Optimized conductor selection and phase balancing in unbalanced distribution networks: Economic optimization via the vortex search algorithm

Abstract

The inherent characteristics of unbalanced three-phase distribution networks can have negative technical and financial effects. In this vein, optimal conductor size selection and phase balancing are among the most common strategies for improving these indicators, which involves dealing with complex optimization problems. This article presents a mixed-integer nonlinear programming model to address conductor selection and phase balancing in distribution systems. Given the complexity of the model, a leader–follower methodology based on the vortex search algorithm (VSA) is employed to determine the conductor caliber and load phase configuration, in conjunction with the three-phase successive approximations power flow method to compute the objective function. This methodology is compared against the hurricane optimization algorithm, the sine cosine algorithm, and the salp swarm optimization algorithm. Simulation results demonstrate that the proposed methodology provides the best solution for unbalanced distribution systems comprising eight and 25 nodes.
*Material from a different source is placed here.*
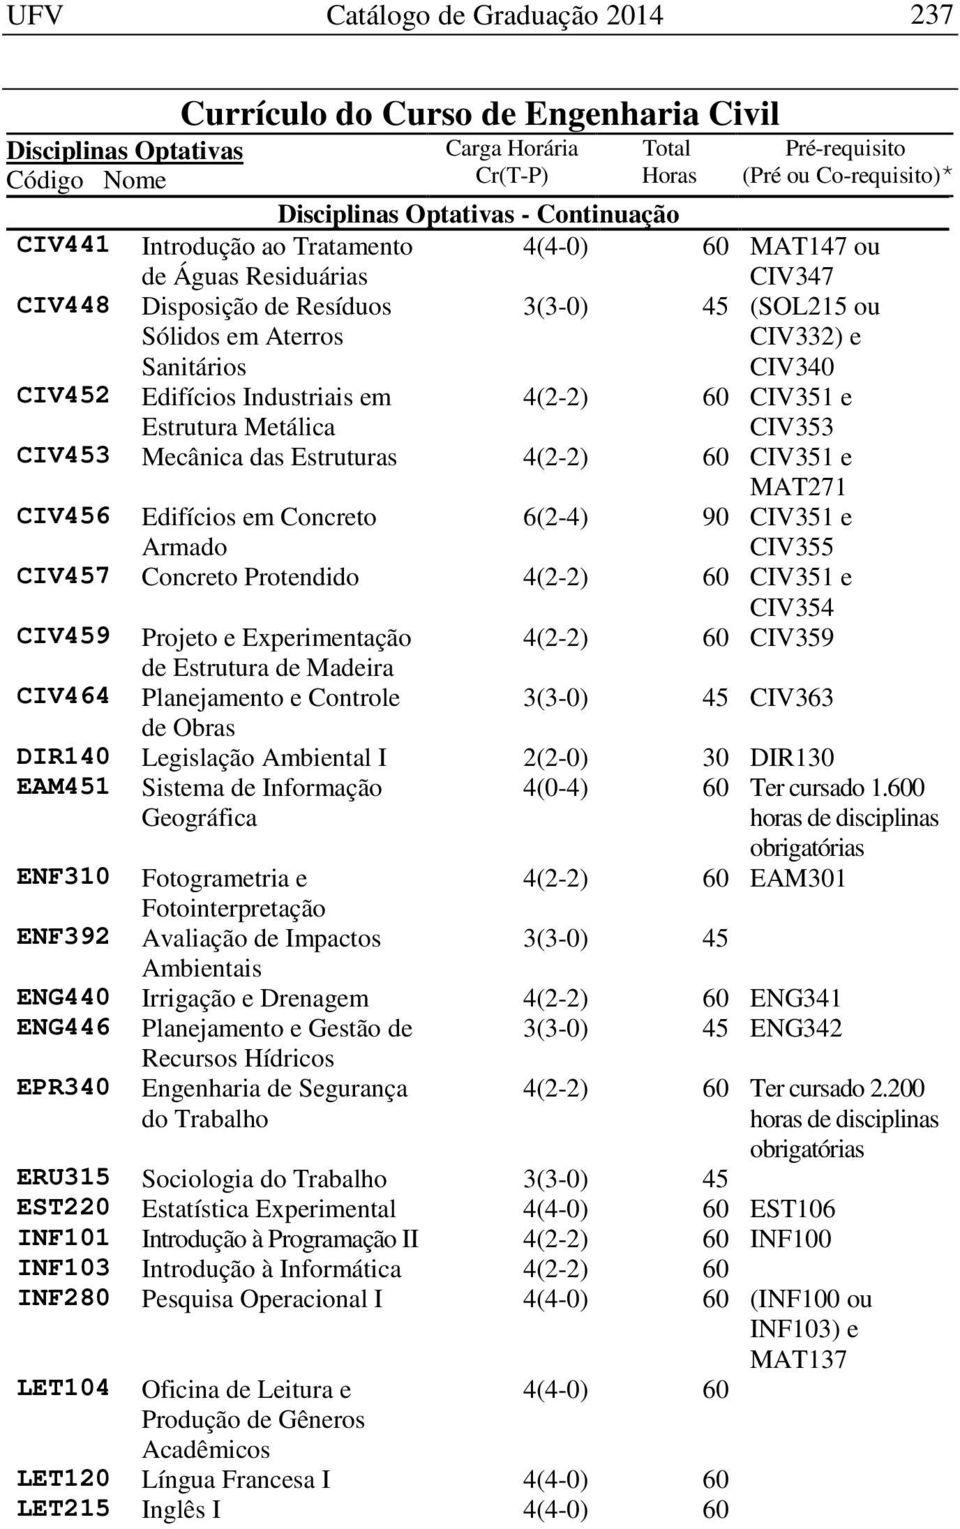 CIV351 e MAT271 CIV456 Edifícios em Concreto Armado 6(2-4) 90 CIV351 e CIV355 CIV457 Concreto Protendido 4(2-2) 60 CIV351 e CIV354 CIV459 Projeto e Experimentação 4(2-2) 60 CIV359 de Estrutura de

The VSA yielded the best response, with values of 125,348.4870 USD and 94,475.1477 USD in the two test feeders, respectively, as well as the lowest standard deviation (0.1948% and 0.2147%) while requiring reasonable computational times, within the average for the 8-node system and the best time for the 25-node system. The VSA demonstrated superior performance in terms of cost minimization and solution consistency with a reasonable computational effort, which makes it a valuable tool for optimizing unbalanced distribution systems and enhancing their overall efficiency.